In this context, Palestine solidarity is disruptive not only because it challenges Israel, but because it challenges the university’s self-image as a neutral space of knowledge production aligned with corporate and state interests. By contrast, expressions of solidarity with Ukraine or Iran can be framed as consistent with Western geopolitical priorities, and therefore permissible. Academic freedom, as Steven Salaita notes, often evaporates when it confronts state violence, colonialism, or systemic racism.
The Broader Stakes: Whose Voices Count?
The repression of Palestine solidarity reveals a deeper question: whose safety, whose voices, and whose humanity are protected within Finnish universities? By silencing students and scholars advocating for Palestinian rights, institutions reproduce broader hierarchies of race, empire, and global inequality. The discourses of neutrality and safety mask a political choice to side with dominant geopolitical alignments and to exclude perspectives that threaten those alignments.

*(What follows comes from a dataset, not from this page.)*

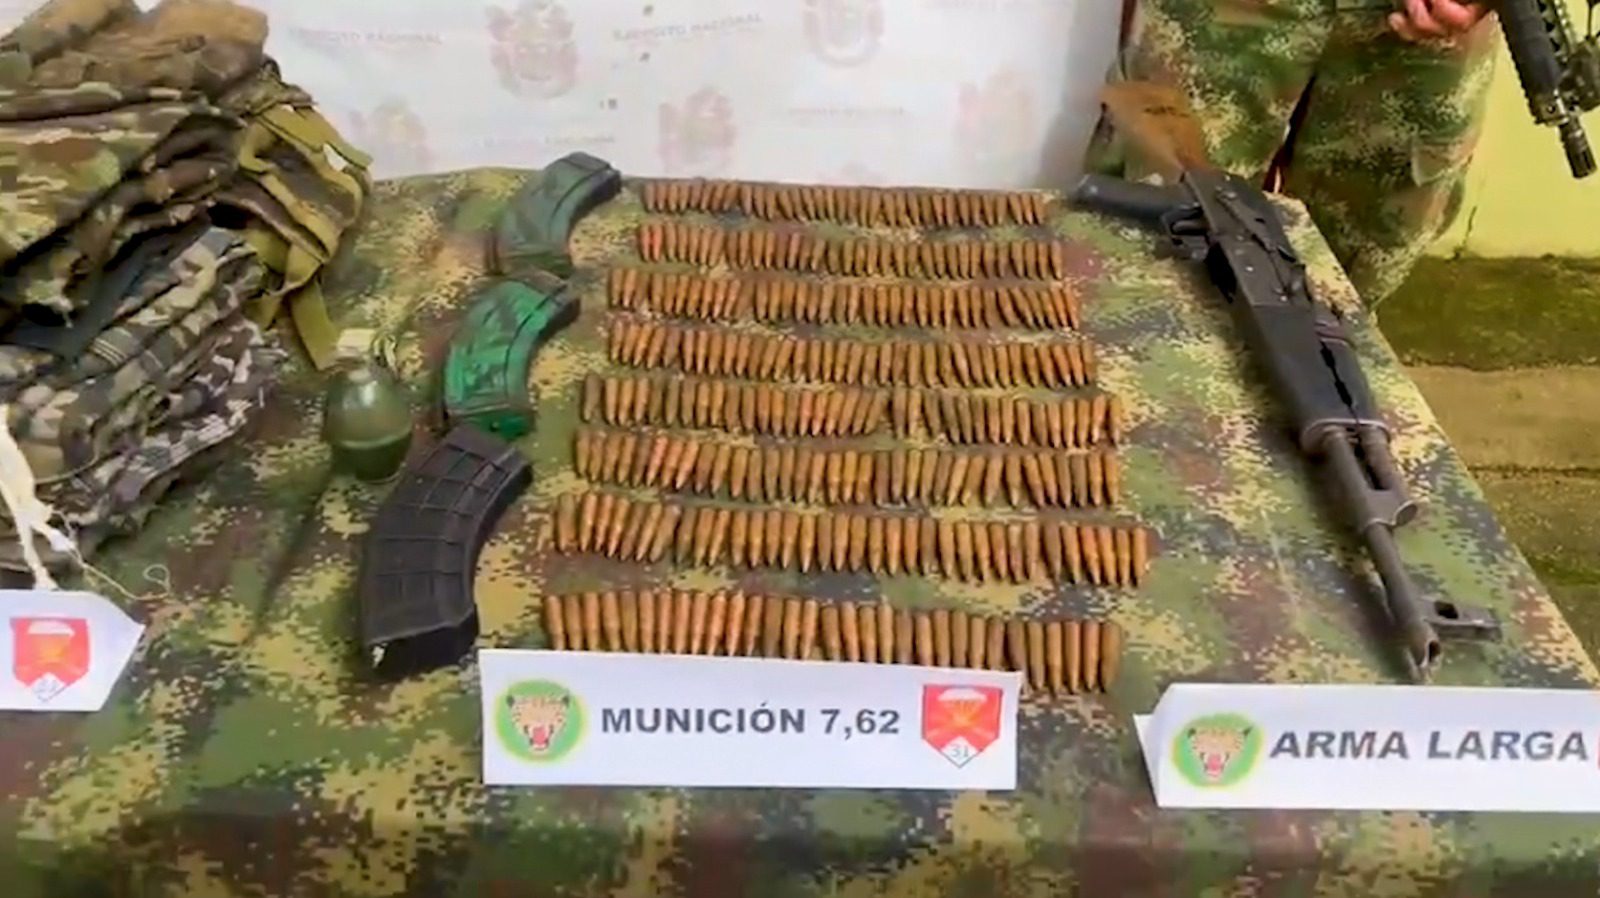 Ejército halló depósito con material de guerra en zona rural de El Bagre

At the same time, students and staff are refusing these terms of engagement. They continue to hold teach-ins despite bans, rehang banners that have been confiscated, and build networks of solidarity that transcend institutional constraints. In doing so, they echo broader struggles for decolonization and social justice, connecting Palestine to wider critiques of neoliberalism, racism, and authoritarian governance within academia itself.
Conclusion: The Politics of Refusal
The repression of Palestine solidarity in Finnish higher education is not an isolated phenomenon, but part of a global pattern where universities act as enforcers of geopolitical orthodoxy and corporate logic. Yet it also highlights the resilience and creativity of student and faculty movements that refuse to be silenced.
The question, then, is not only about protecting academic freedom in the abstract, but about asking: what kind of universities do we want? Institutions that suppress dissent in the name of neutrality, or spaces that foster genuine debate, solidarity, and responsibility toward global justice? The struggle unfolding in Finland suggests that the answer will depend less on administrative decrees than on the courage of those who continue to resist, organize, and imagine otherwise.